Que cache l'Université interdisciplinaire de Paris (UIP) ? Simple association philosophant sur les relations entre science et théologie ou fer de lance de l'importation du néocréationnisme en France ? Le contexte international rend ces questions sensibles. Aux Etats-Unis, les avocats du "dessein intelligent" (intelligent design) contestent le monopole du darwinisme sur l'enseignement des origines de l'homme, et, sans référence explicite à un créateur, ils prônent l'existence d'une "cause première" ayant présidé à l'apparition de la vie sur Terre.
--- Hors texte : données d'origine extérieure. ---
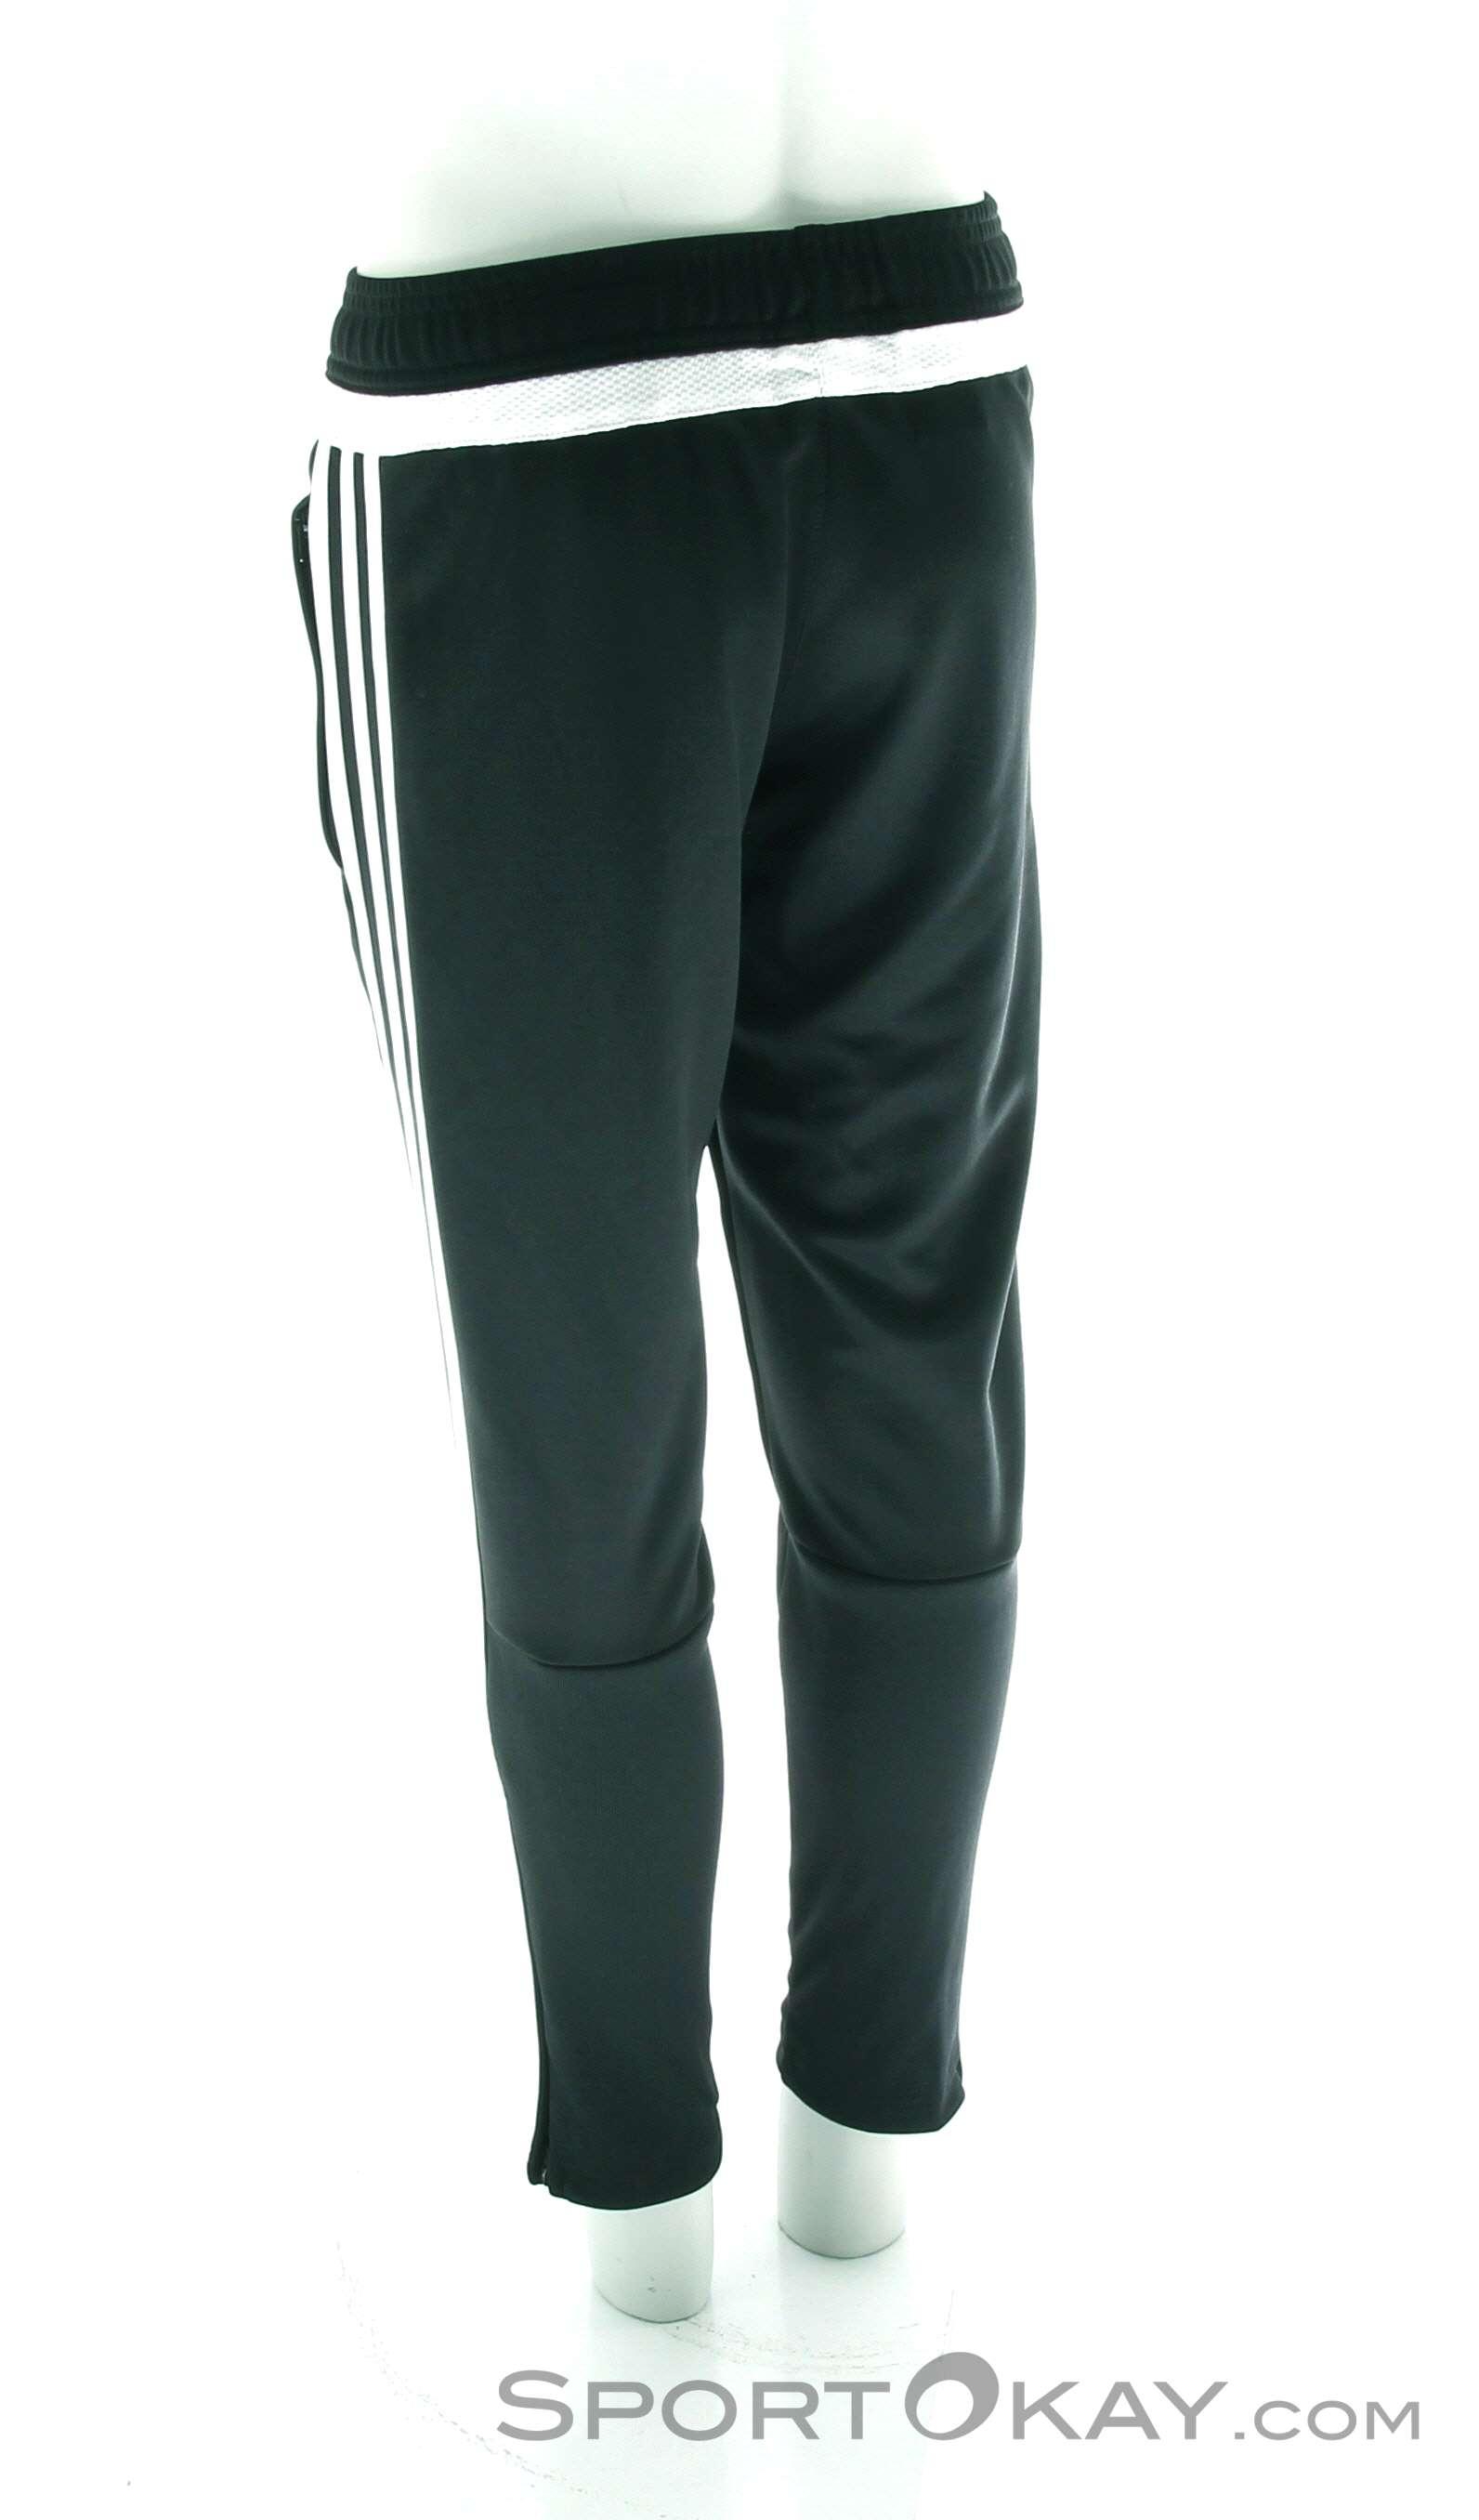 Adidas Tiro 15 Training Pant Boys Training Pants, adidas, Black, , Boy,

L'Angleterre est également touchée. Le créationniste australien John Mackay y donne des conférences dans les écoles publiques et les universités. La Royal Society tout comme l'archevêque de Canterbury ont pris position contre l'enseignement du néocréationnisme à l'école, et le syndicat national des enseignants réclame de nouvelles lois protectrices. Le 21 juin, les académies nationales des sciences de soixante-sept pays, dont la France, ont signé un appel pour alerter parents et enseignants. Les "preuves scientifiques, les données et les théories vérifiables sur les origines et l'évolution de la vie sur Terre" présentées dans les cours de sciences de certains établissements publics sont "masquées, niées ou confondues" avec des "théories non vérifiables par la science", indique cet appel de l'Interacademy Panel (IAP).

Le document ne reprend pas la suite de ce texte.